You can change a task's timezone at any time from the task detail view. The next execution time is recalculated automatically when the timezone changes.

Task lifecycle

Each scheduled task moves through a defined set of statuses:

StatusMeaning
PendingActive and waiting for its next execution time
PausedTemporarily suspended. No executions will fire until resumed
ExecutedOne-time task that has completed its single run
CancelledPermanently stopped by the user
FailedExecution failed (e.g. the agent no longer exists)

Status transitions

  • A pending recurring task can be paused or cancelled.
  • A paused task can be resumed (returns to pending with a recalculated next execution time, skipping any missed runs) or cancelled.
  • A failed or cancelled task can be reset back to pending.
  • A pending one-time task becomes executed after it runs.

Managing tasks

From the task detail view you can:

  • Run Now --- Execute the task immediately. For recurring tasks, this triggers an extra run without affecting the schedule. For one-time tasks, this consumes the scheduled run.
  • Pause / Resume --- Temporarily suspend a recurring task without deleting it.
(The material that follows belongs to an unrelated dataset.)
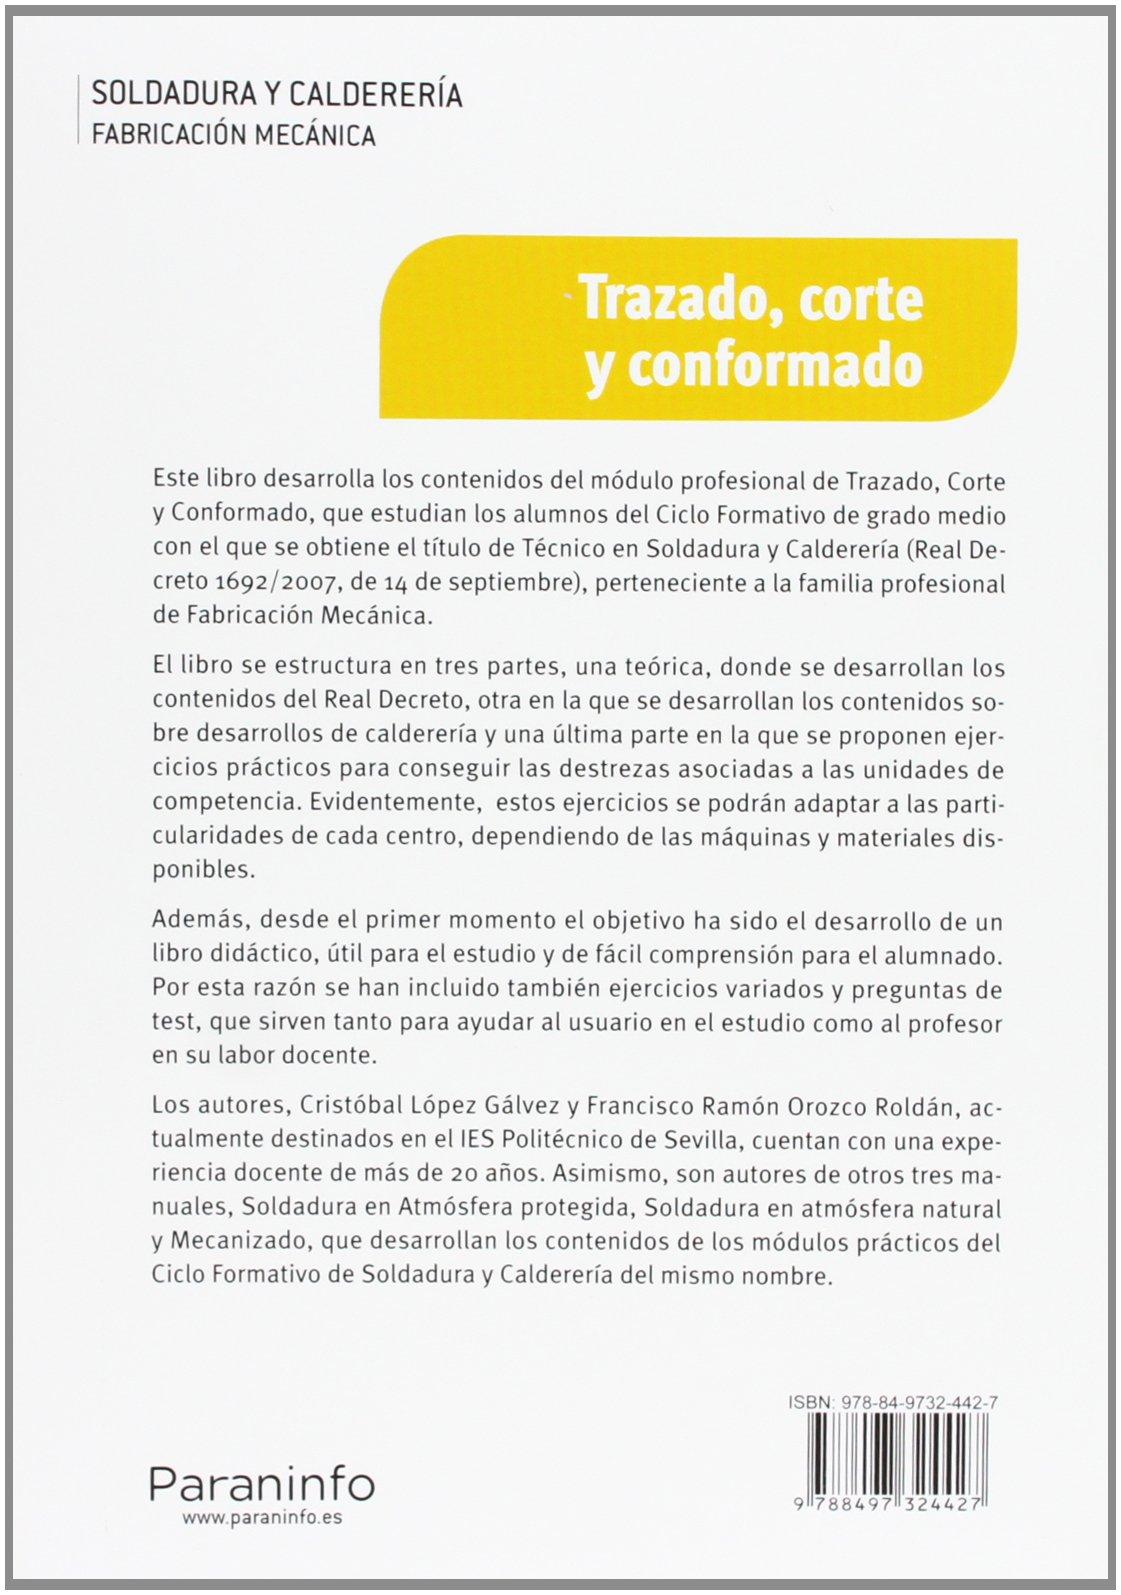 Certificados de profesionalidad. Soldadura y Calderería: Francisco Ramón, López Gálvez, Cristobal Orozco Roldán: 9788497324427: Amazon.com: Books

When resumed, the next execution is recalculated from the current time.
  • Edit Instructions --- Update the prompt that runs when the task fires.
  • Edit Schedule --- Change the cron expression or timezone for recurring tasks.
  • Delete --- Permanently cancel the task.

Runtime overrides

Each task can optionally override the global model and effort level. This lets you run cost-sensitive recurring tasks on a lighter model or boost effort for critical one-time tasks without changing your agent's default settings.

  • Model --- Override which Claude model handles the task's sessions.
  • Effort --- Override the thinking effort level (low, medium, high, xhigh, max).

Set these when creating the task (via the model and effort parameters in schedule_task) or update them later from the task detail view. Set a field to null to revert to the global default.

Run history

Every time a scheduled task fires, it creates a new agent session. The task detail view shows a complete run history with links to each session, so you can review what the agent did on each execution. Recurring tasks also display a total execution count.

The schedule_task MCP tool

Agents have access to the schedule_task tool, which means they can create scheduled tasks programmatically during a conversation. This enables patterns like:

  • An agent sets up its own recurring monitoring after you describe what to watch for.
  • An agent schedules a follow-up task to check on the results of a long-running operation.
  • An agent creates a deferred task when it determines the right time to act is later.

The tool is non-blocking --- the agent continues its conversation immediately after scheduling, and the task runs independently at the scheduled time in a new session.